Заметки Дороти Уайт о реакциях Кэрол на ее книги зачастую подтверждают нормальность реакции Кушлы; предпочтения Кэрол «понятного мира» (три котенка в «Истории кота Тома» умываются, причесываются, надевают чистые одежки в ожидании прихода гостей — процедура, которая ей хорошо знакома) соответствуют удовольствию Кушлы при предложении «пойти в гости к бабушке» («Бабушка Люси и ее шляпы» — частое событие в ее собственной жизни).

«У всех в это время должен был быть дом и мама», — записывает Дороти Уайт о своей дочери. И постоянный вопрос Кушлы: «Где мама котенка (щенка, ребенка)?» приходит на память. Обе девочки, с одной стороны, радуются сознанию своей возрастающей независимости (незначительной, но тем более ценной в случае Кушлы), а с другой, нуждаются в подтверждении собственной безопасности, когда «мамы», которых сейчас не видно, готовы прийти и оказать поддержку.

Обеих девочек, кажется, завораживает феномен ночи. В случае Кэрол «Книга для чтения на ночь» (A Child’s Goodnight Book) Маргарет Уайз Браун (Margaret Wise Brown) вызывает и отражает постоянный интерес «к темноте», как и «Колыбельная для зверей» (The Animals’ Lullaby) Труд Элберти (Trude Alberti). Спокойный, с повторами текст этой книги, который раскрывается в простых, но подробных пастельных рисунках Накатами — идеальное чтение на ночь. У Кушлы она заняла свое место наряду с превосходной «Тише, малыш» (Hush Little Baby) Элайки (Aliki) и «Колыбельными» (Hush-a-Bye Rhymes), изданными Энн Вуд (Anne Wood), среди любимых книг для чтения перед сном. (Неудивительно, что родители Кушлы обзавелись множеством сборников колыбельных. Всегда можно было надеяться, что они подействуют!)

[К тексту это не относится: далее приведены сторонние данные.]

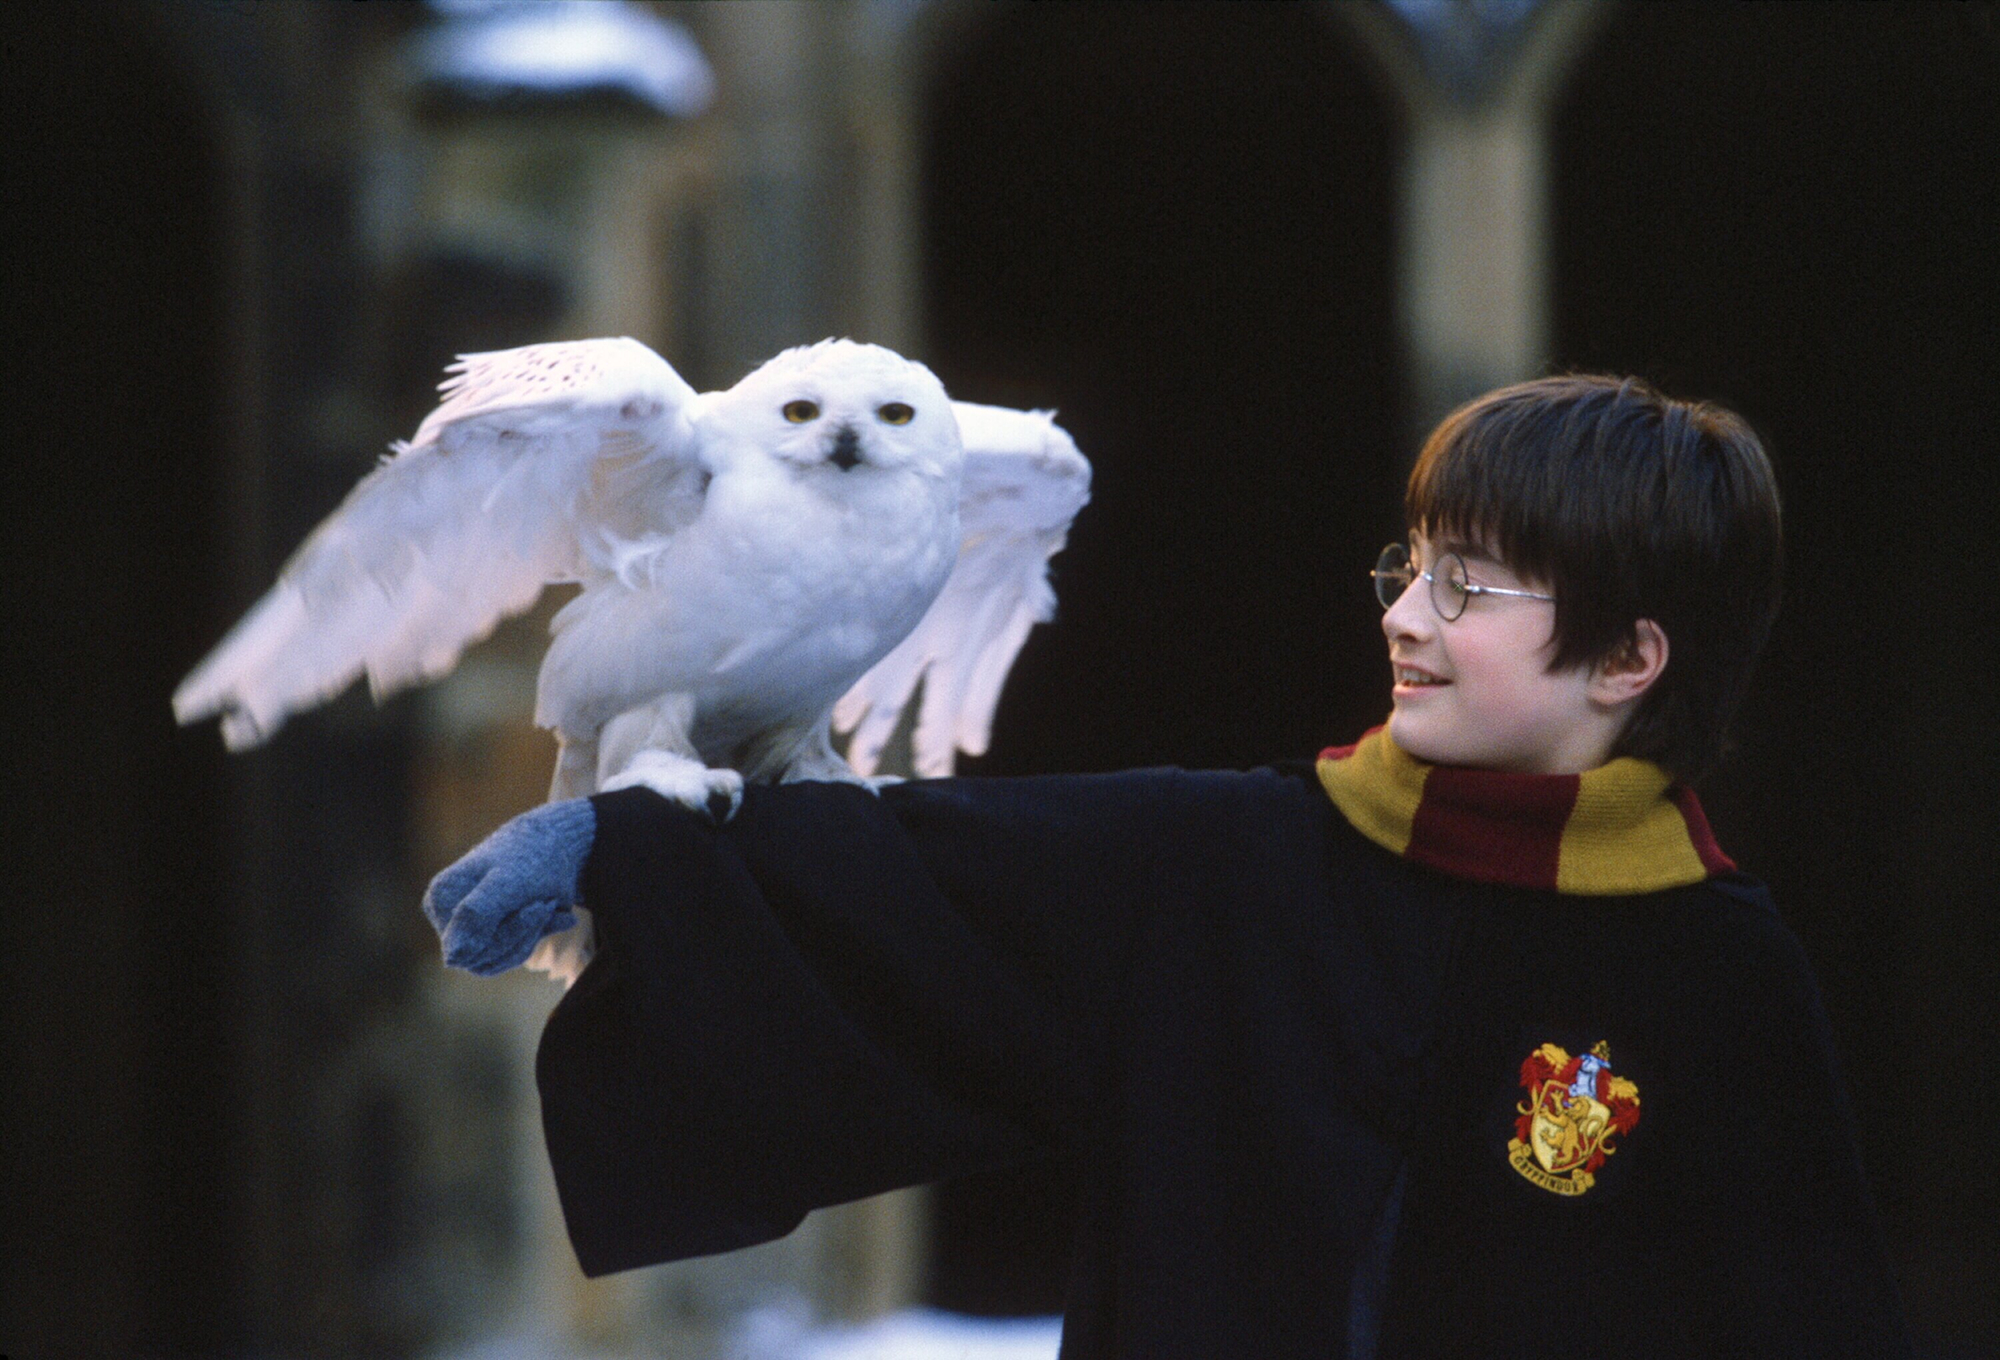 harry potter and the philosopher's stone, daniel radcliffe, harry potter, movie, snowy owl 4K, Ultra HD

В занятиях девочек, как и следовало ожидать, были заметны различия. О занятиях Кэрол мать писала, что «число их увеличилось, границы расширились, длительность возросла», и дальше, ранней весной 1948 года, она отмечала, что «Кэрол все время занята, и книги играют лишь малую роль в ее жизни». Девочка увлекалась вырезанием, строительством из кубиков. Ни одно из этих требующих ловкости занятий не было доступно Кушле, и повседневная жизнь была бы невозможной как для матери, так и для дочери без постоянного и длительного обращения к книжкам с картинками. «Где больница?» — спросила Кэрол, встретив это слово в первый раз. «Больница» — одно из первых слов Кушлы, ее стерильная территория была для девочки вторым домом.

Нет сомнения, что произошел обещающий рывок вперед в умственном развитии Кушлы вообще и в речевом развитии в частности. В самом деле, после того как девочке исполнилось два года, ее близкие могли больше не бояться, что Кушла останется сильно отсталой в умственном отношении.

Однако этой точки зрения мог не разделять сторонний наблюдатель, потому что отличия Кушлы от обычного ребенка были заметны. Ее руки все еще свисали в странном положении, а лицо выражало озадаченность и замешательство. Ее попытки сфокусировать зрение приводили к тому, что она часто дергала головкой, а движения ее были некоординированы. Она часто падала, легкое прикосновение могло лишить ее равновесия, и она все еще часто роняла предметы.

Но и еще в одном отношении Кушла отличалась от других детей. Ее общение с людьми, несмотря на боль и неудобство, от которых она страдала, убедило ее, что мир — вполне дружественное место. Девочка понимает, что в ее трудностях «никто не виноват», поскольку она была одинаково доверчива и дружески расположена ко всем людям, детям и взрослым, знакомым и незнакомым. Словно девочка поняла, что она необычайно зависит от других людей, и готова, даже полна решимости обратиться к ним за помощью.

Эта особенность сама по себе вызывает легкое беспокойство; трехлетние дети обычно сдержанны, пока не «познакомятся» с человеком. Но Кушла получала огромную поддержку от людей, круг которых выходил далеко за пределы близкой родни — это были и друзья, и родители детей из Игрового центра. Более того, она сталкивалась с людьми, помогавшими детям и получавшими от этого удовольствие. На этом фоне ее доверие и дружеское отношение понятны. Эти черты Кушлы способствовали тому, что ее полюбил широкий круг людей, что они ощутили за ее внимательным взглядом ищущий ум, решительность и силу духа, которые всегда были видны тем, кто умел видеть.

Каждый этап ее развития — это достижение, результат трудов многих людей. А Кушла, несмотря на свои отклонения, проходила эти этапы.